Best-of-N
Give the LLM N valid attempts at the same parent before committing to the global best, then repeat.
Best-of-N is a test-time search baseline that deliberately exploits one program state at a time. It picks a parent and reuses it until N valid children have been produced from it — N independent variations from a single starting point — and only then commits to the current global best and repeats the cycle. Inspirations (context programs shown alongside the parent) are re-sampled fresh from the top pool at every step, regardless of where the reuse cycle stands.
This scaffold is a faithful port of SkyDiscover's `BestOfNDatabase` from the UC Berkeley Sky Computing Lab. In Galapagos that single class is split along the standard component seam: a flat keep-all `InMemoryPopulation` stores every scored program and re-derives the global best on demand, while a stateful `BestOfNPolicy` owns the parent-reuse counter. Faithful to the original, the counter is advanced only by a validly-scored child — SkyDiscover increments it inside `add()`, which never runs for an error result — so a parse or evaluation failure is a free retry that does not spend the per-parent budget.

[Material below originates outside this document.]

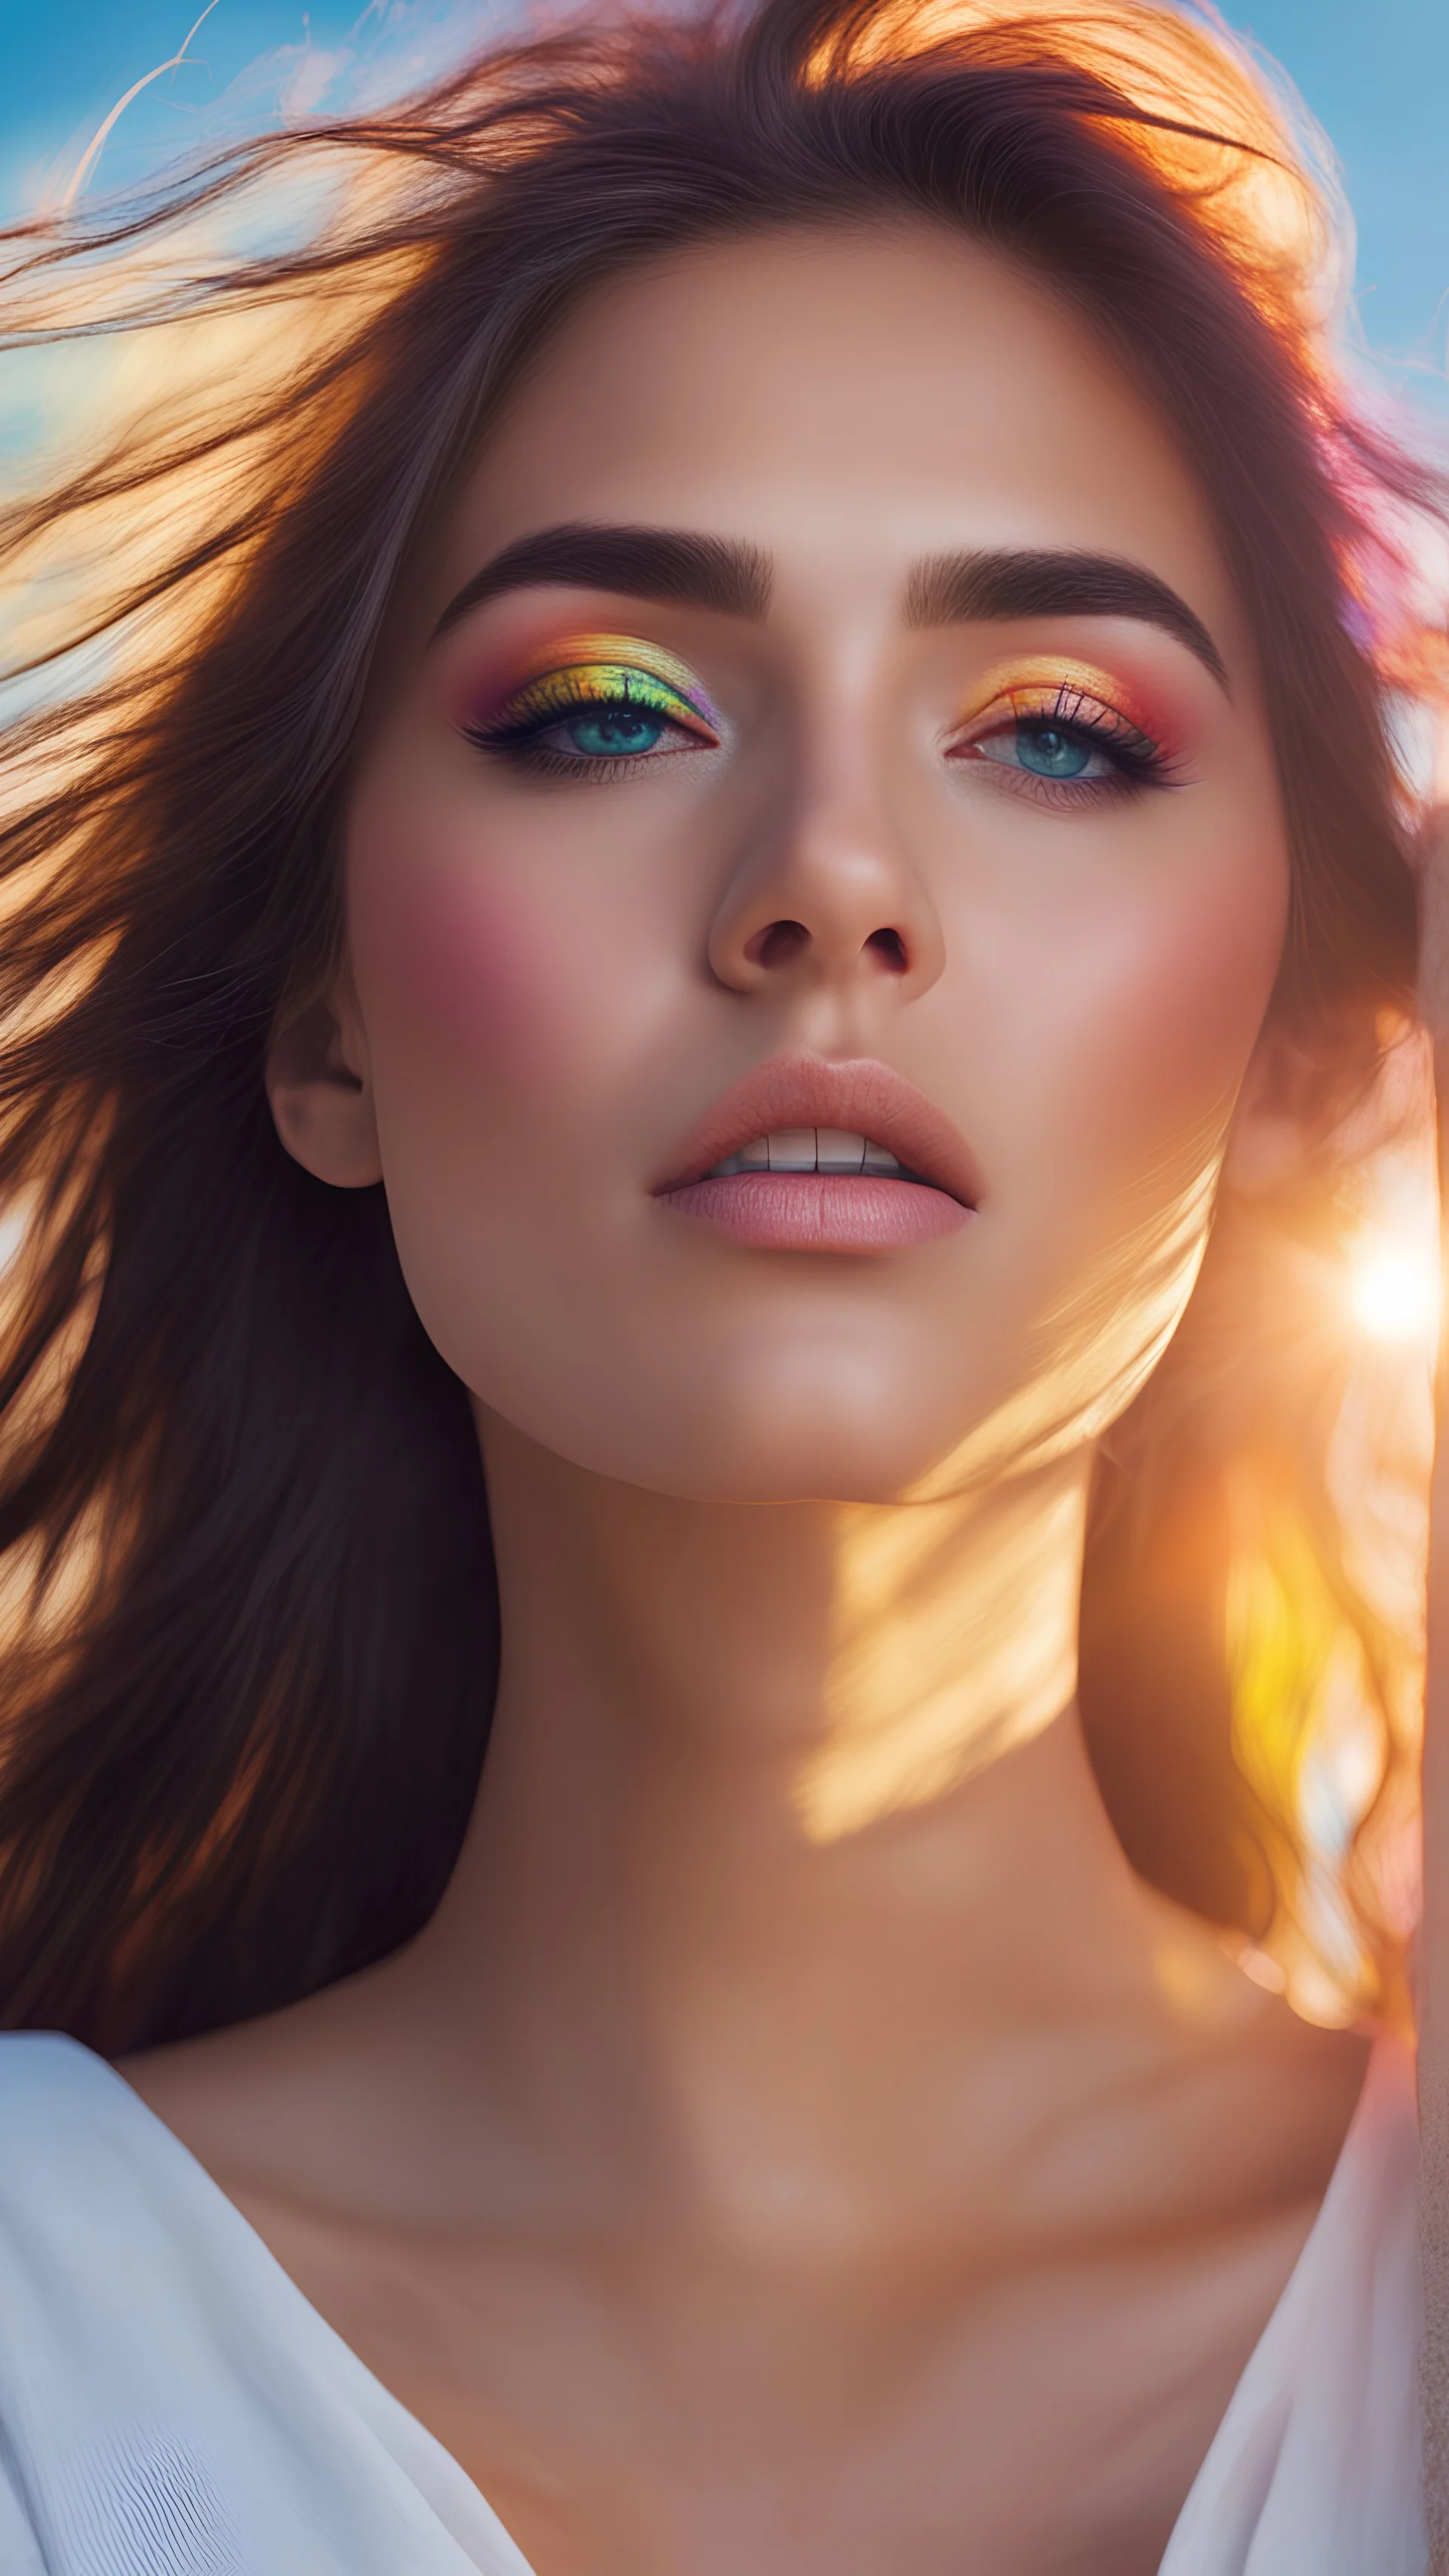 art of a beautiful girl just awake from sleep and the sun after her, 4k colors. real skin, looking at the sky, some rainbow

The single tuning knob is N. Larger N deepens exploitation of one program state, spending more of the budget refining variations before moving on; N=1 advances to a new best after every valid child and so approaches the behavior of Top-K. If you instead want a strictly fixed per-parent budget where every attempt counts whether or not it scored, the `best_of_n_attempts` sibling spends one budget unit per selection rather than per valid child.
The six components this scaffold snaps together. Each block names its concrete implementation.
The set of candidate solutions in play — the gene pool the search evolves over.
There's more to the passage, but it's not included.